STP is your friend
By stretch | Thursday, October 15, 2009 at 4:36 p.m. UTC
Every once in a while I encounter someone who wants to disable Spanning Tree Protocol (STP) on their LAN switches. This is a bad idea. Consider the typical LAN topology below:
The two access switches are trunked, and Switch 1 maintains a trunk to the local router. All access ports are assigned to VLAN 10. An admittedly simplistic but valid design. Let's observe what happens when a redundant layer two connection is introduced between the two access switches, first with STP enabled and then without.
In out first scenario, STP is left to its default configuration, with one exception: Switch 1 has been manually configured as the STP root for clarity.
Switch1# show spanning-tree summary Switch is in pvst mode Root bridge for: VLAN0001, VLAN0010 Extended system ID is enabled Portfast Default is disabled PortFast BPDU Guard Default is disabled Portfast BPDU Filter Default is disabled Loopguard Default is disabled EtherChannel misconfig guard is enabled UplinkFast is disabled BackboneFast is disabled Configured Pathcost method used is short Name Blocking Listening Learning Forwarding STP Active ---------------------- -------- --------- -------- ---------- ---------- VLAN0001 0 0 0 1 1 VLAN0010 0 0 0 1 1 ---------------------- -------- --------- -------- ---------- ---------- 2 vlans 0 0 0 2 2
Now imagine that after some office furniture was rearranged, two cable drops have been mistakenly cross-wired by end users. (Note that newer Auto-MDIX-enabled switches such as the Catalyst 2960 and 3560 will form a link even with a normal non-crossover cable.) Port F0/19 on Switch 1 has been connected to F0/8 on Switch 2, forming a layer two loop within VLAN 10.
With STP enabled, this isn't a problem; the redundant connection is marked as an alternate path to root on Switch 2 and subsequently blocked to prevent a switching loop:
Switch2# show spanning-tree vlan 10 VLAN0010 Spanning tree enabled protocol ieee Root ID Priority 10 Address 000f.345f.1680 Cost 19 Port 1 (FastEthernet0/1) Hello Time 2 sec Max Age 20 sec Forward Delay 15 sec Bridge ID Priority 32778 (priority 32768 sys-id-ext 10) Address 000e.8316.f500 Hello Time 2 sec Max Age 20 sec Forward Delay 15 sec Aging Time 300 Interface Role Sts Cost Prio.Nbr Type ------------------- ---- --- --------- -------- -------------------------------- Fa0/1 Root FWD 19 128.1 P2p Fa0/8 Altn BLK 19 128.8 P2p
This makes for a happy network.

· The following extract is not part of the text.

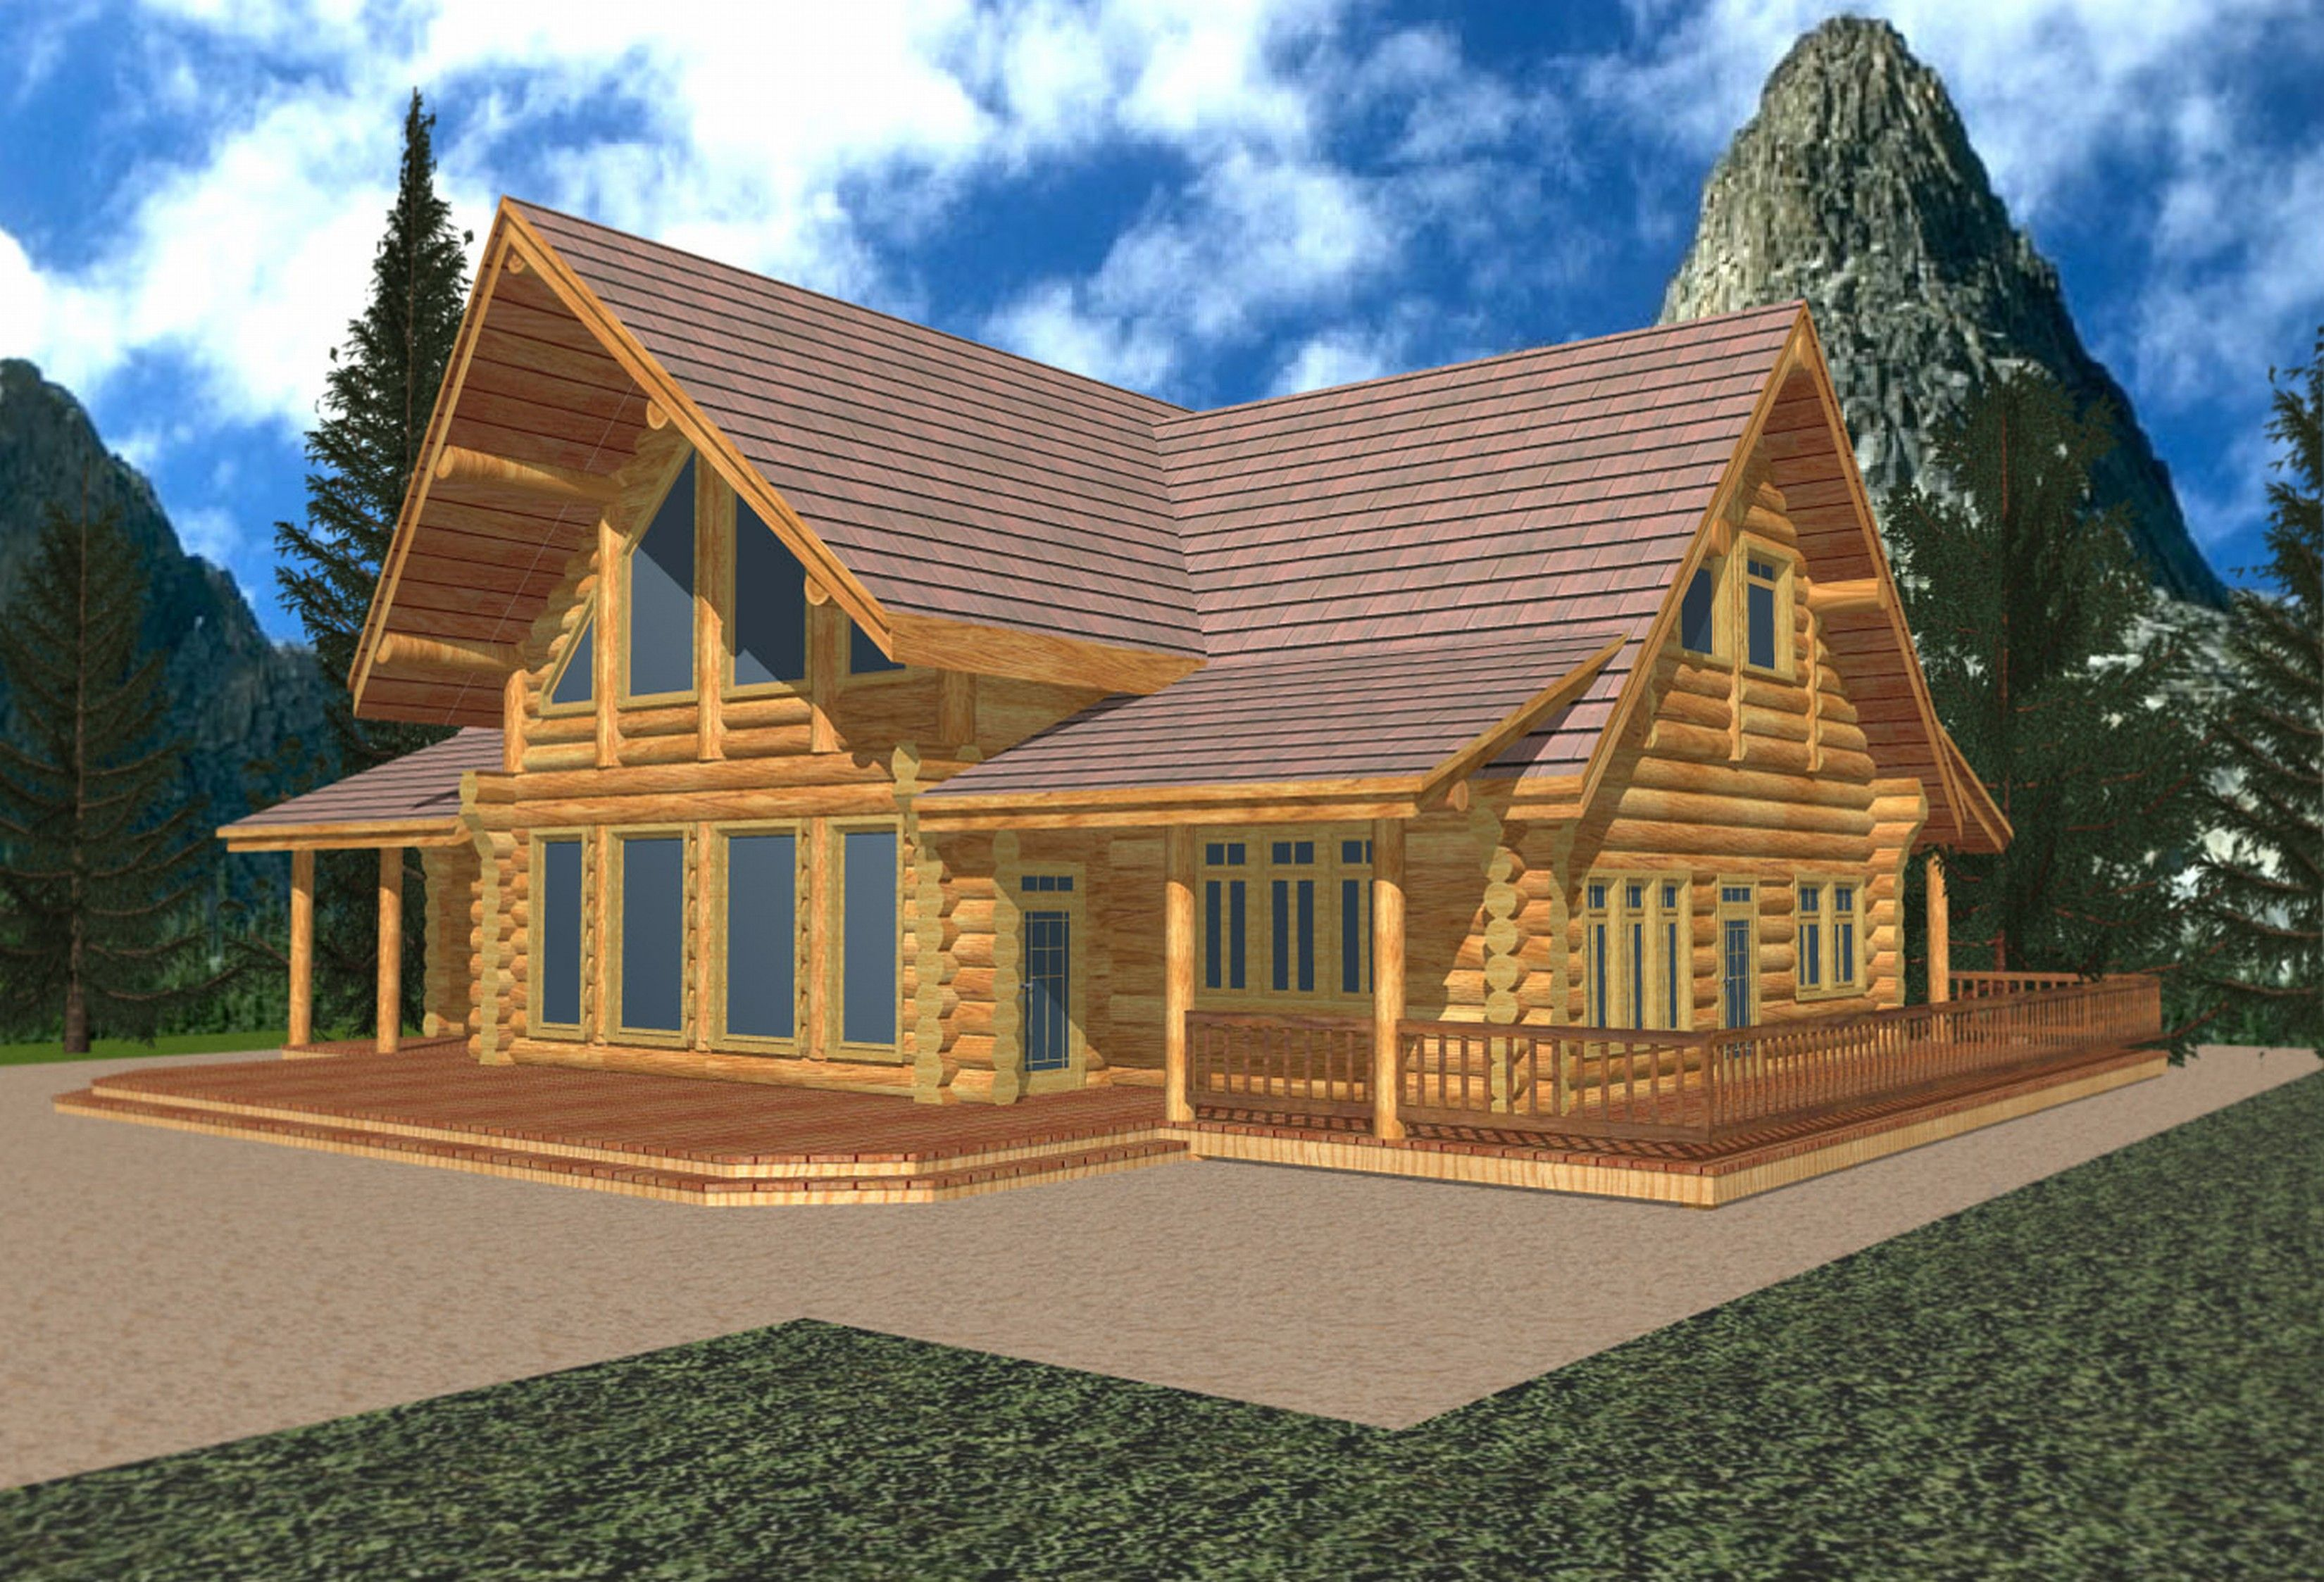 2680 Sq Ft Classic Whistler Log Design Coast Mountain Log Homes Log Cabin House Plans Cabin House Plans Log Home Plans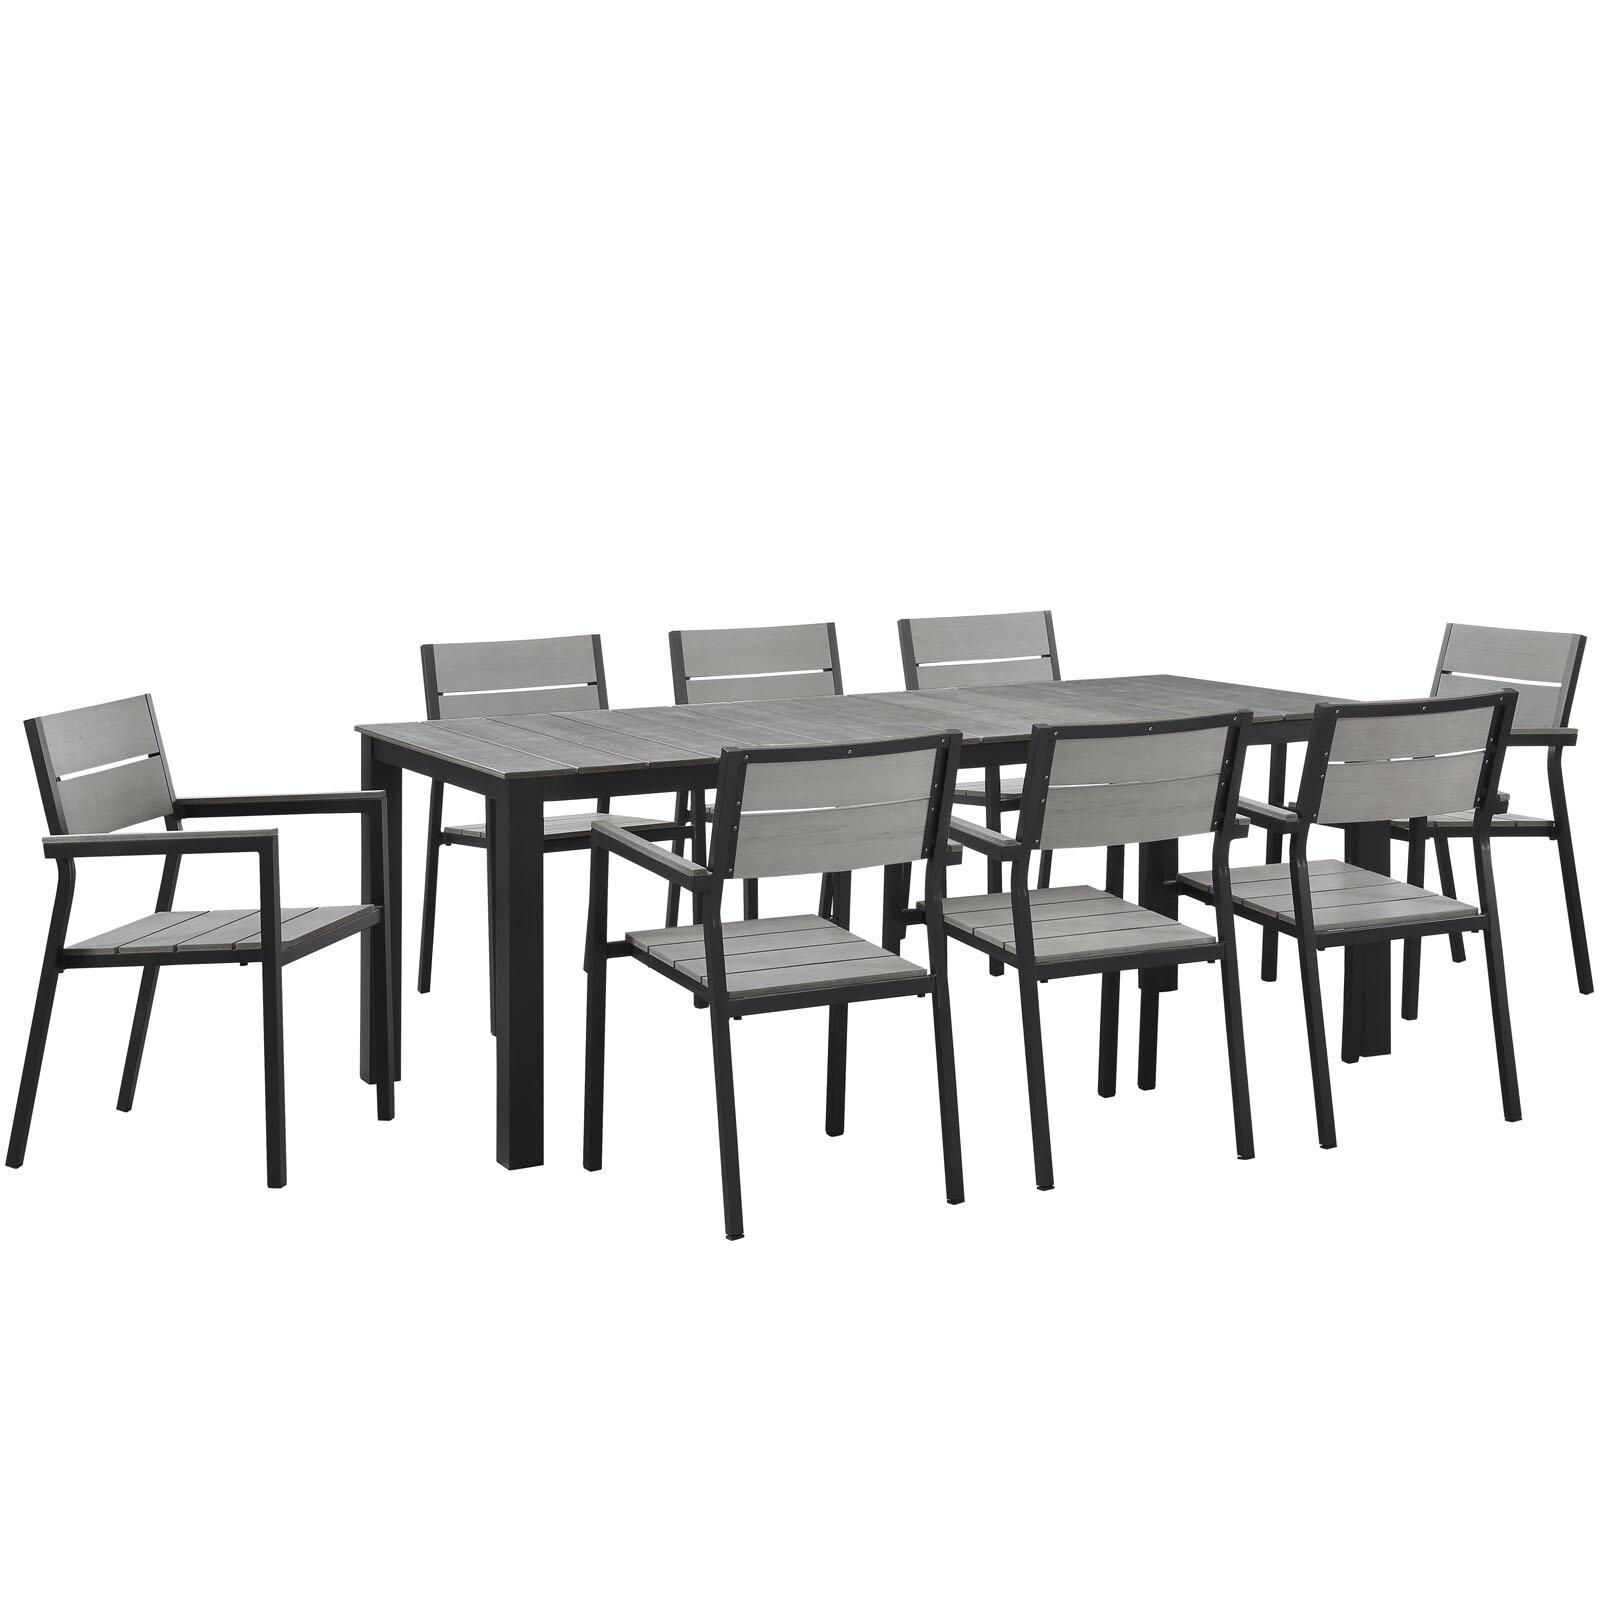 Modway maine 9 piece outdoor patio dining set wayfair for Outdoor furniture 9 piece

But now we'll test what happens if STP is disabled by a negligent administrator.
Switch1(config)# no spanning-tree vlan 10
Switch2(config)# no spanning-tree vlan 10
When a redundant connection is made again, we immediately being receiving MAC address flapping notifications:
%SW_MATM-4-MACFLAP_NOTIF: Host 001d.60b3.0184 in vlan 10 is flapping between port Fa0/8 and port Fa0/1
These are triggered by the never-ending broadcast storm initiated by every layer two broadcast (such as an ARP request) from any host on the VLAN. Because STP is not present, neither switch can detect the switching loop. Ethernet frames have no concept of TTL, so they circle the loop endlessly.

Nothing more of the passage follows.